Detect if a regexp is exponential

Question

This article show that there is some regexp that is O(2^n) when backtracking. The example is (x+x+)+y. When attempt to match a string like xxxx...p it going to

Answer 1

Any regex without backreferences can be matched in linear time, though many regex engines out there in the real world don't do it that way (at least many regex engines that are plugged into programming language runtime environments support backreferences, and don't switch to a more efficient execution model when no backreferences are present).

There's no easy way to find out how much time a regex with backreferences is going to consume.

Answer 2

No I don't think so, but you can use these guidelines:

• If it contains two quantifiers that are open-ended at the high end and they are nested then it might be O(2^n).
• If it does not contain two such quantifiers then I think it cannot be O(2^n).

Quantifiers that can cause this are: *, + and {k,}.
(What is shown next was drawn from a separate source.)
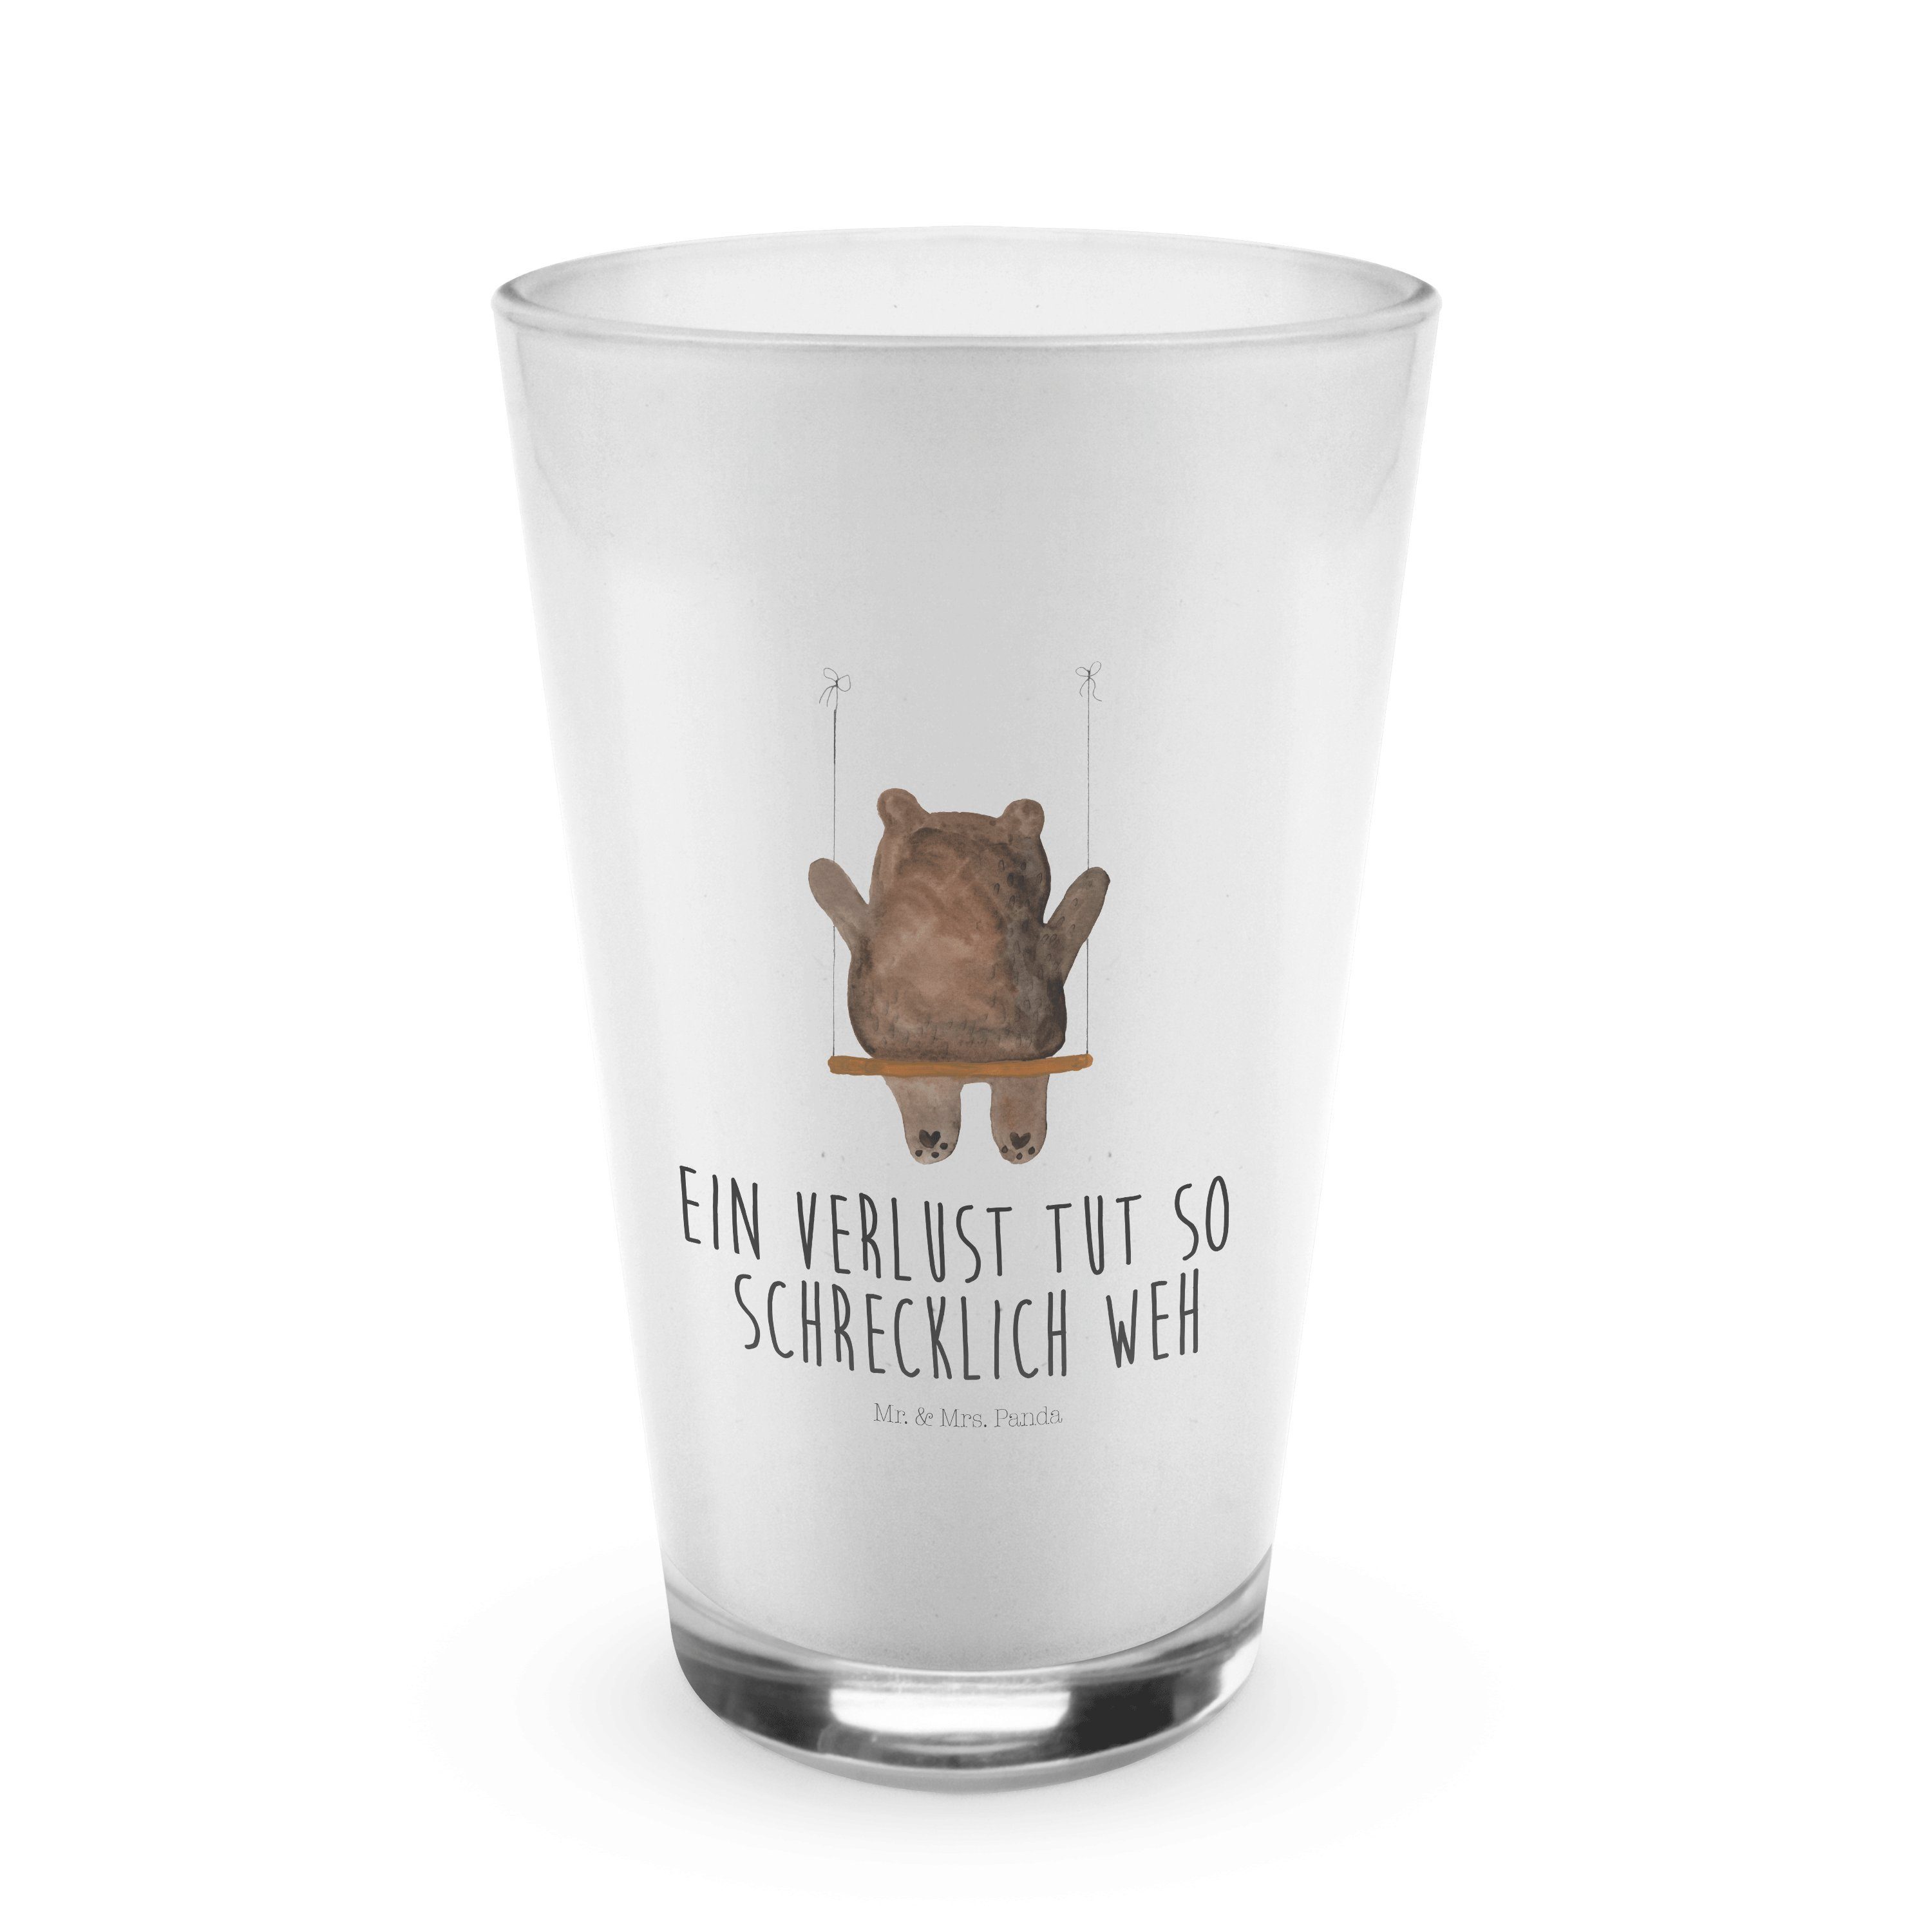 Mr. & Mrs. Panda Glas Teddybär, - - Bär Premium Cappuccino Gla, Geschenk, Schaukel Glas Glas, Transparent

Also note that the worst case complexity of evaluating a regular expression might be very different from the complexity on typical strings and that the complexity depends on the specific regular expression engine.

Answer 3

You could detect and reject nested repetitions using a regex parser, which corresponds to a star height of 1. I've just written a module to compute and reject start heights of >1 using a regex parser from npm.

$ node safe.js '(x+x+)+y'
false
$ node safe.js '(beep|boop)*'
true
$ node safe.js '(a+){10}'
false
$ node safe.js '\blocation\s*:[^:\n]+\b(Oakland|San Francisco)\b'
true

Answer 4

If your regexp engine exposes runtime exponential behavior for (x+x+)+y ,then it is broken because a DFA or NFA can recognize this pattern in linear time:

echo "xxxxxxxxxxxxxxxxxxxxxxxxxxxxxxxxxxxxxxxxxxxx" | egrep "(x+x+)+y"
echo "xxxxxxxxxxxxxxxxxxxxxxxxxxxxxxxxxxxxxxxxxxxxy" | egrep "(x+x+)+y"

both answer immediately.

In fact, there are only a few cases (like backreferences) where backtracking is really needed (mainly, because a regexp with a backreference is not a regular expression in the language theoretic sense anymore). A capable implementation should switch to backtracking only when these corner cases are given.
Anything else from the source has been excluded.